▶ **ACTIVITY**:
Your output should be the complete listing, word for word, with no pictures in it.

▶ **DATA BLOCK**:
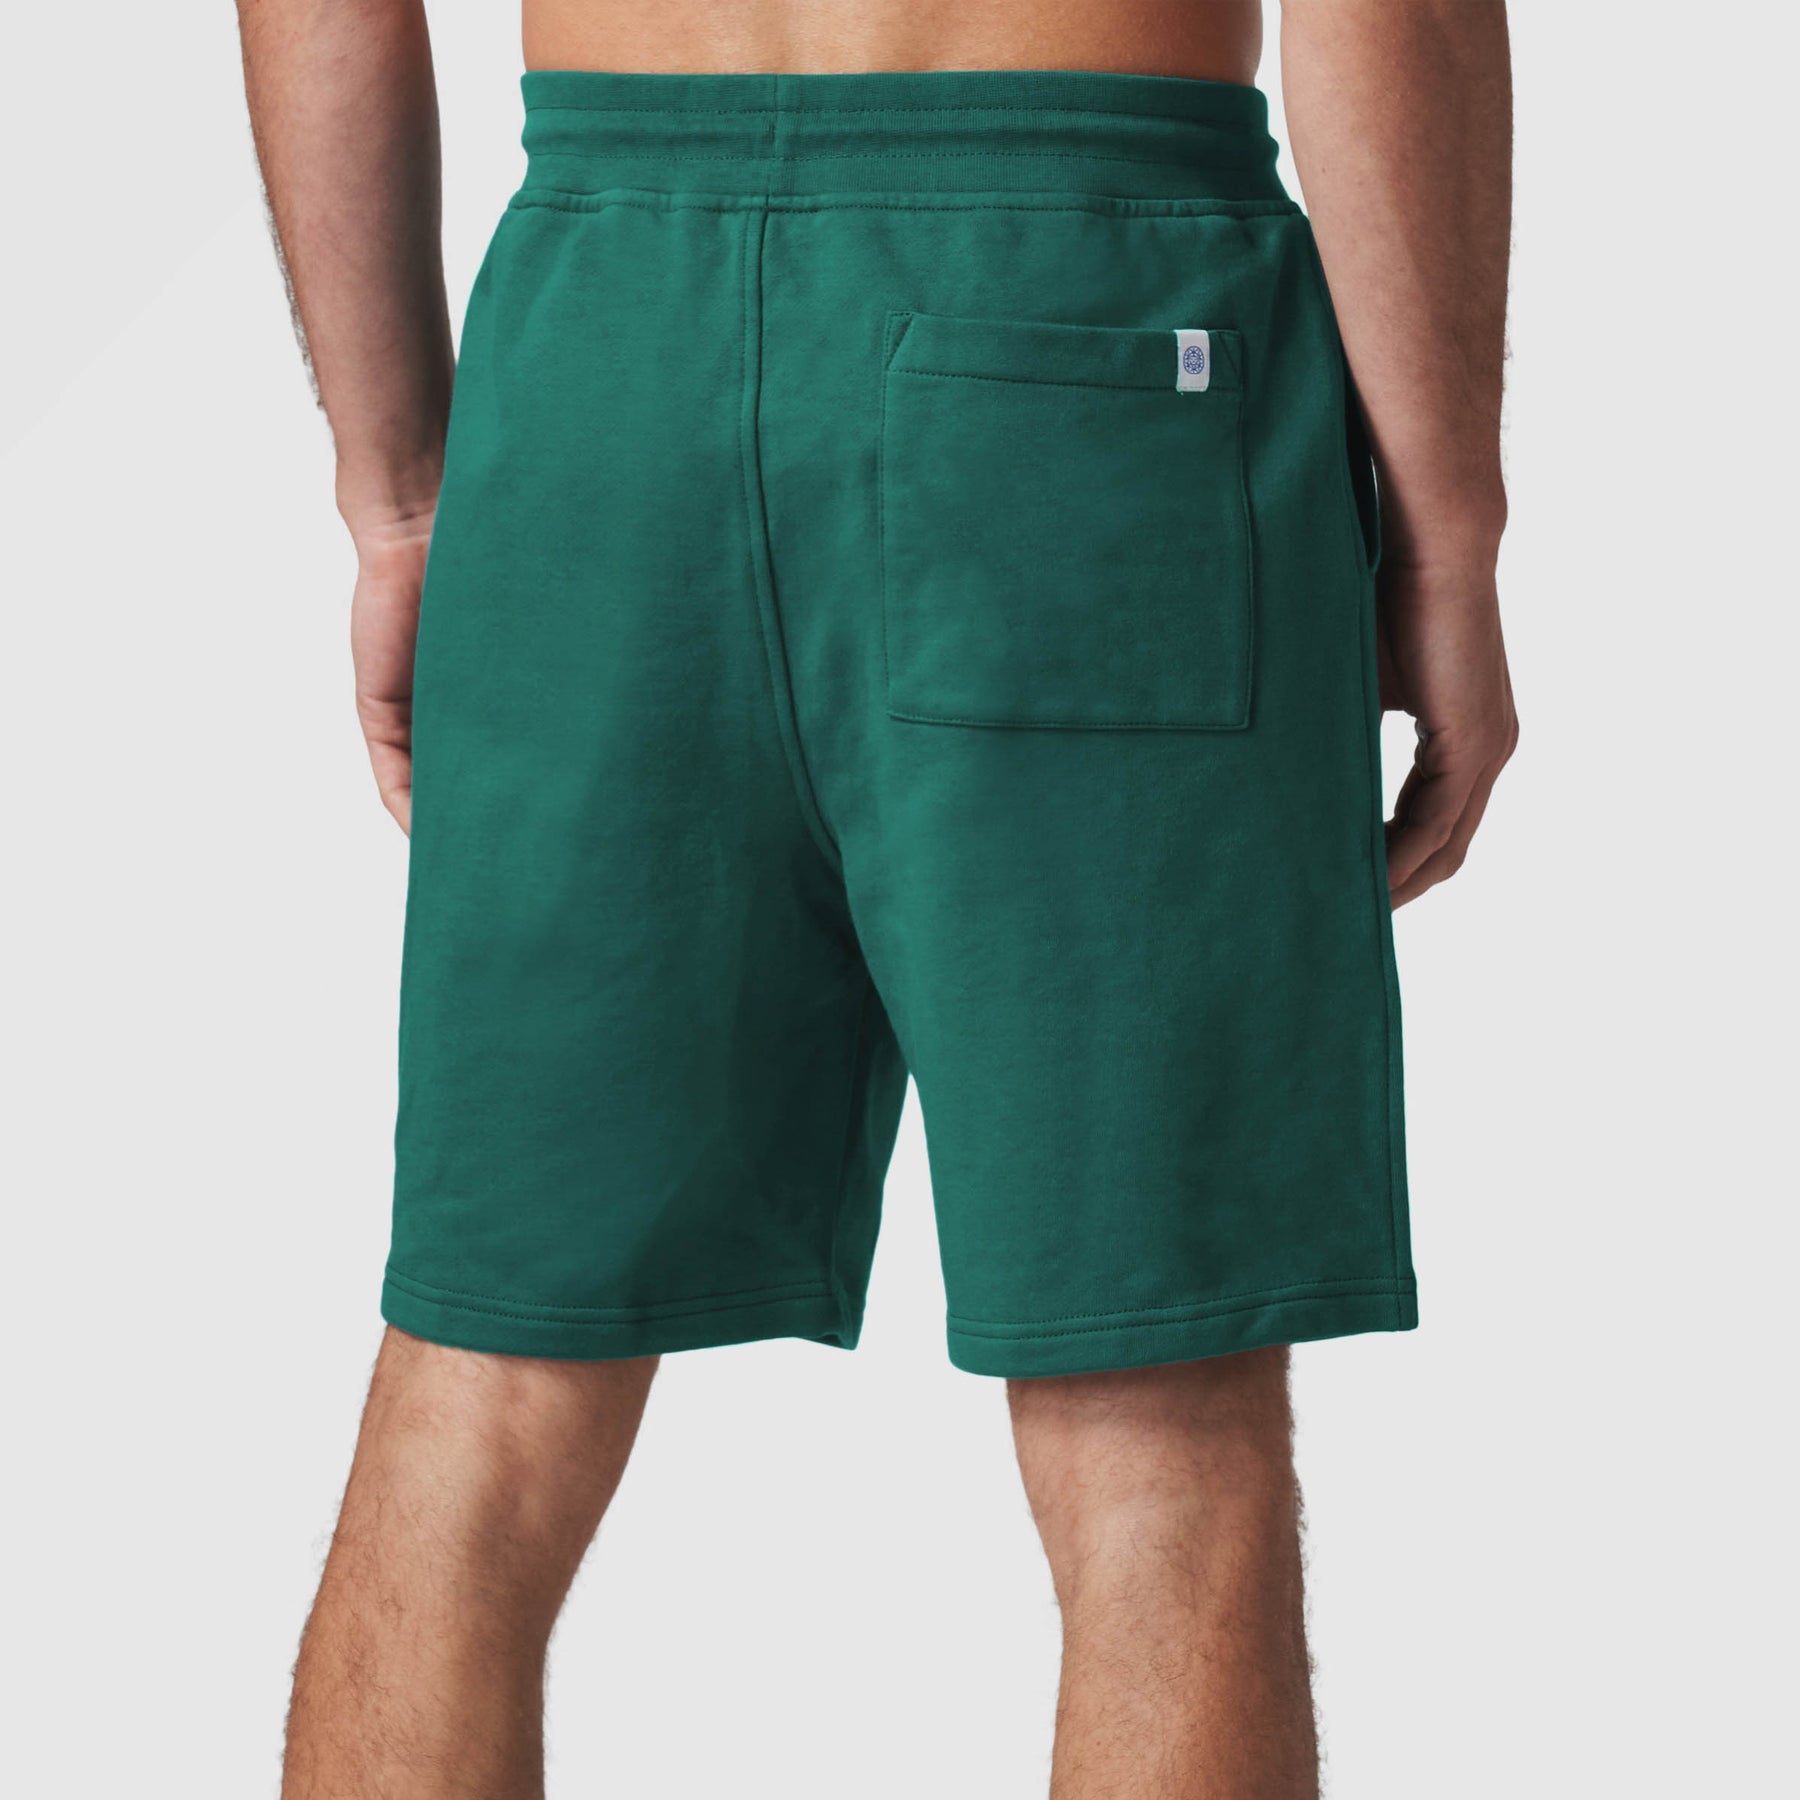 Men's Get Your Cold On Green Shorts
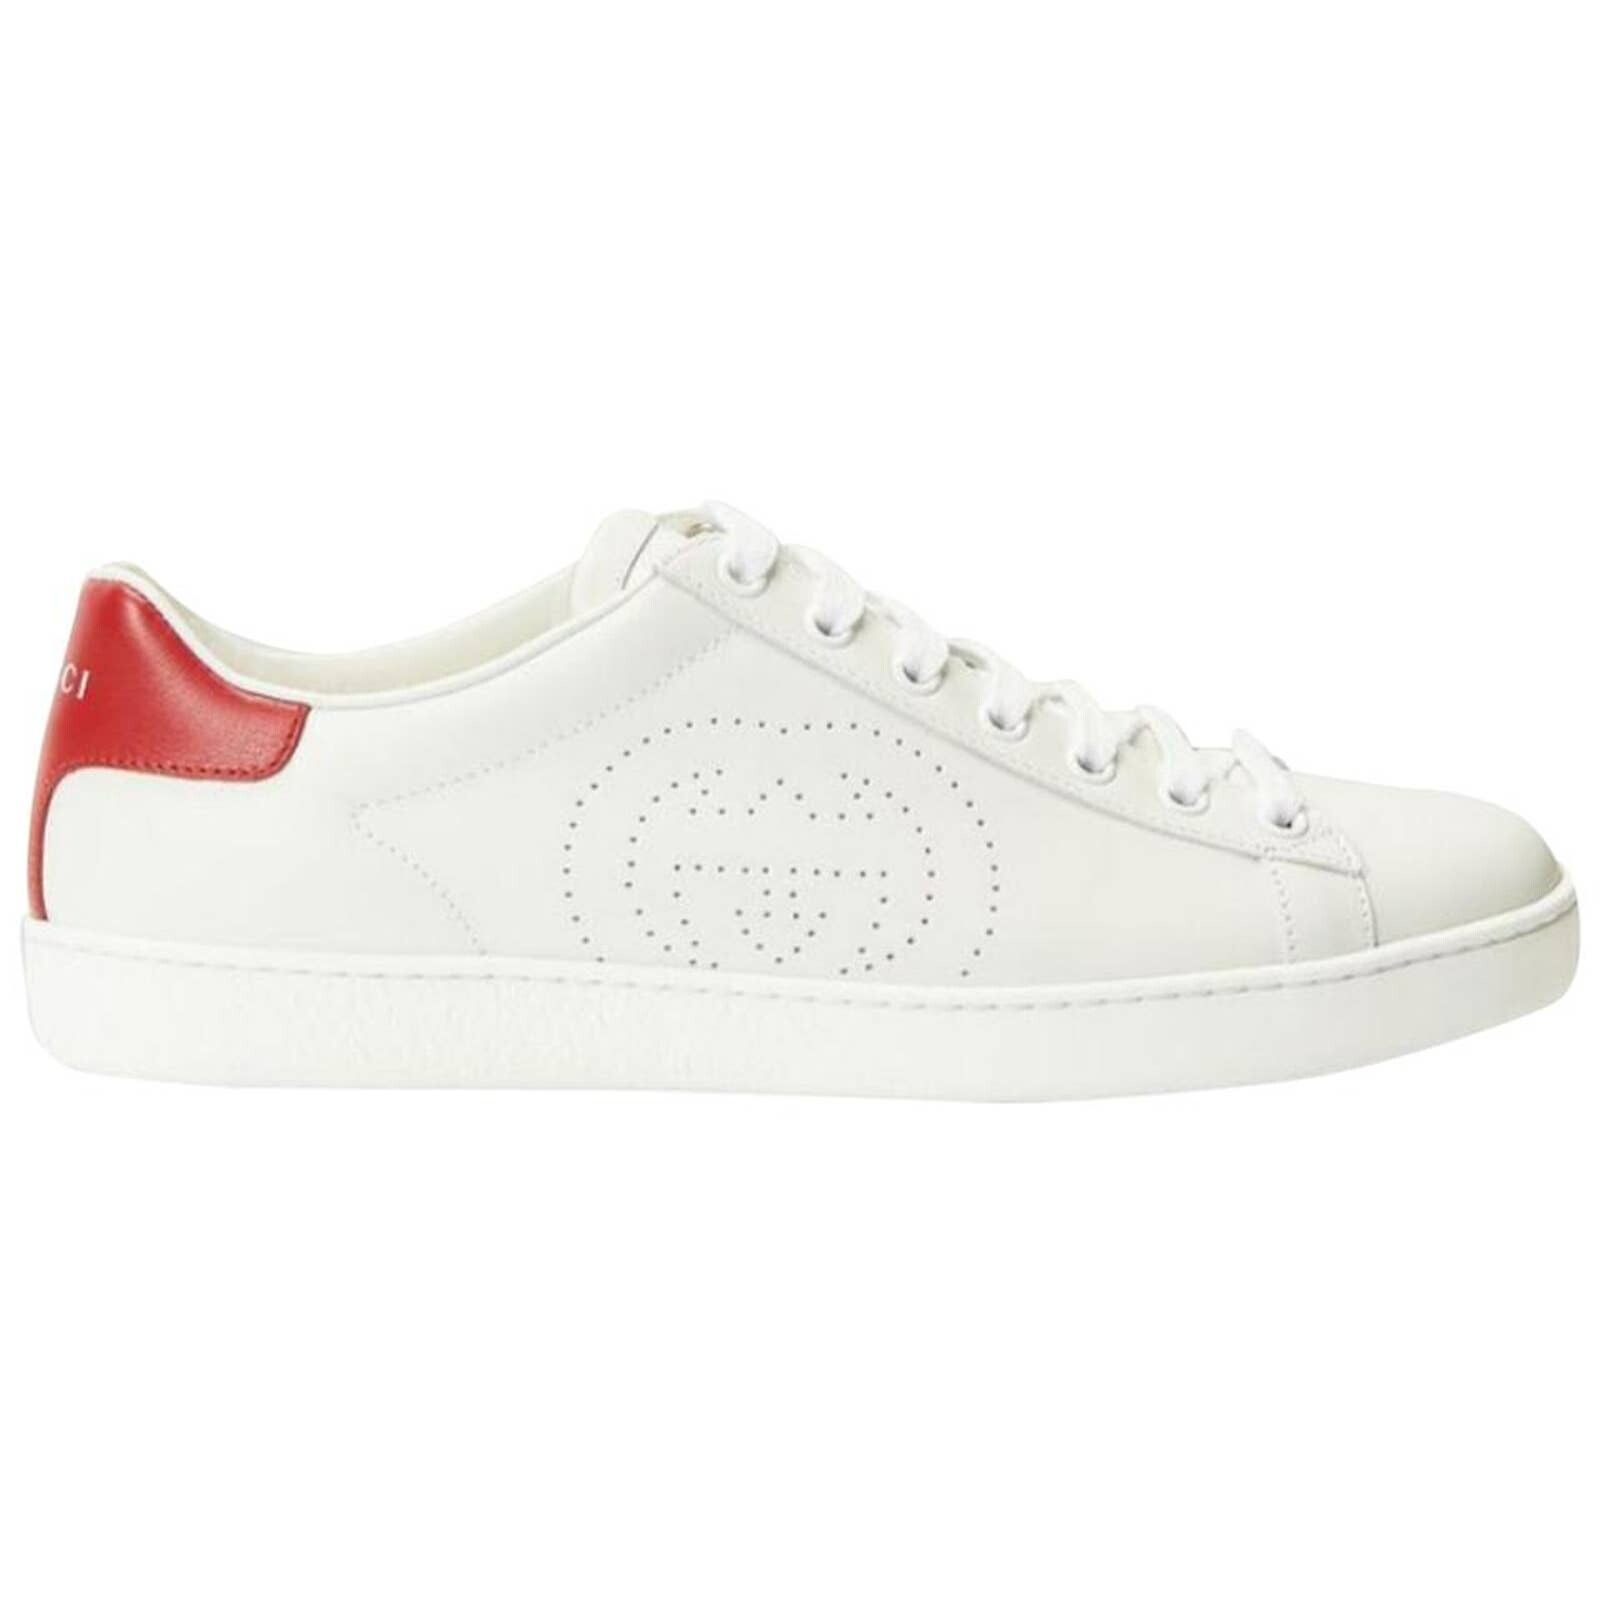 Gucci Ace sneakers with interlocking G logo perforated Size US 6.5 / IT 36.5 - 1 Preview
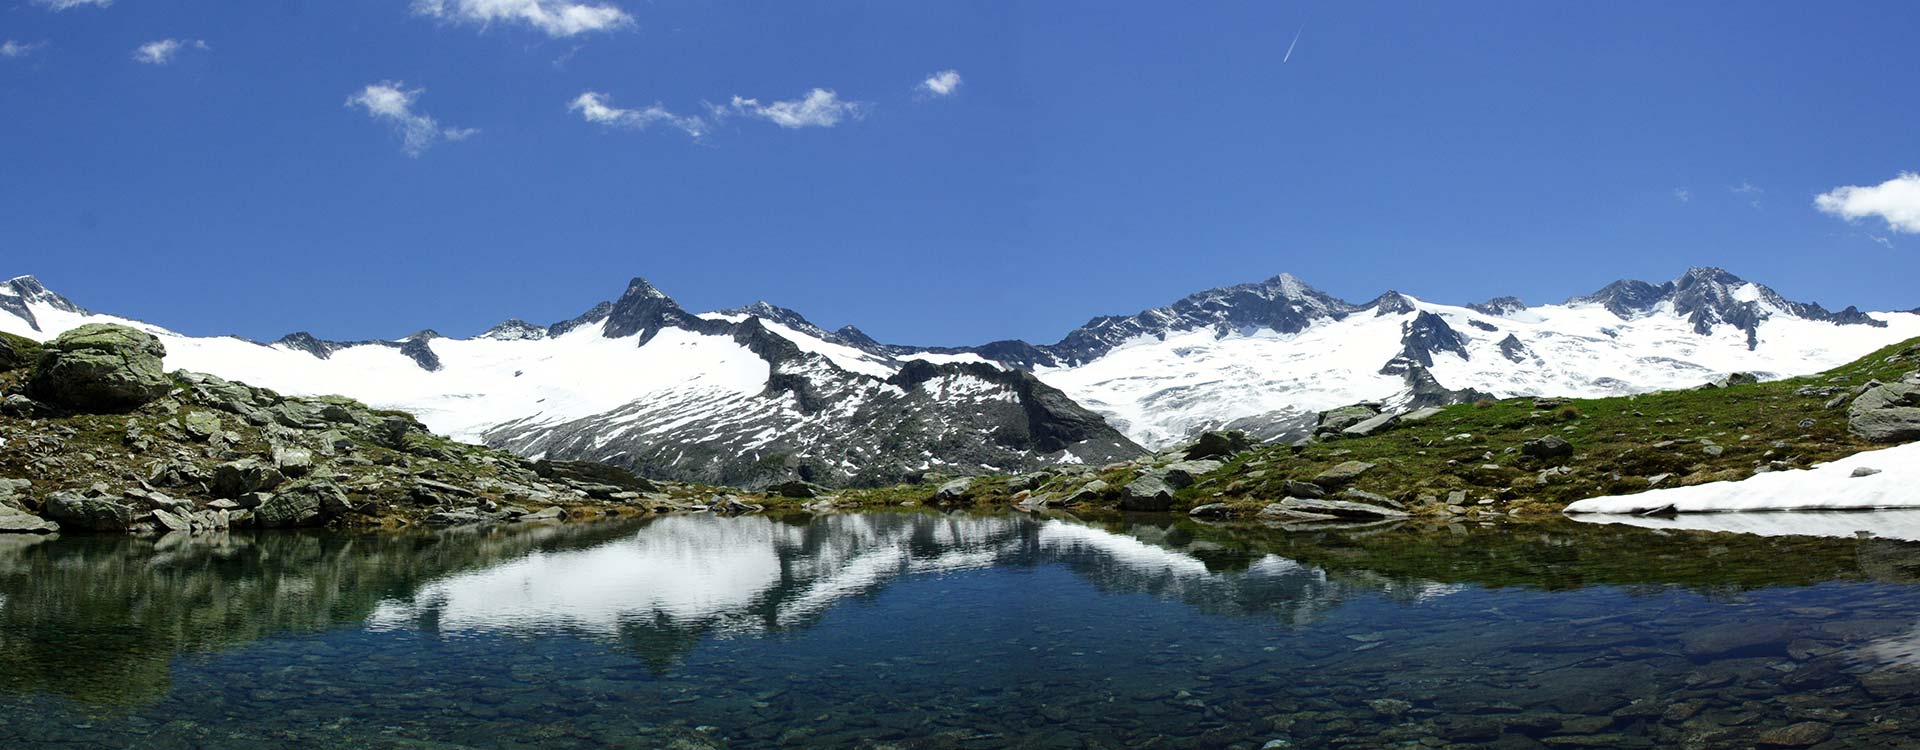 crystal clear Mountain Lakes at the Foot of glaciated Peaks

▶ **ANSWER BOX**:
 Men's Get Your Cold On Green Shorts
 Gucci Ace sneakers with interlocking G logo perforated Size US 6.5 / IT 36.5 - 1 Preview
 crystal clear Mountain Lakes at the Foot of glaciated Peaks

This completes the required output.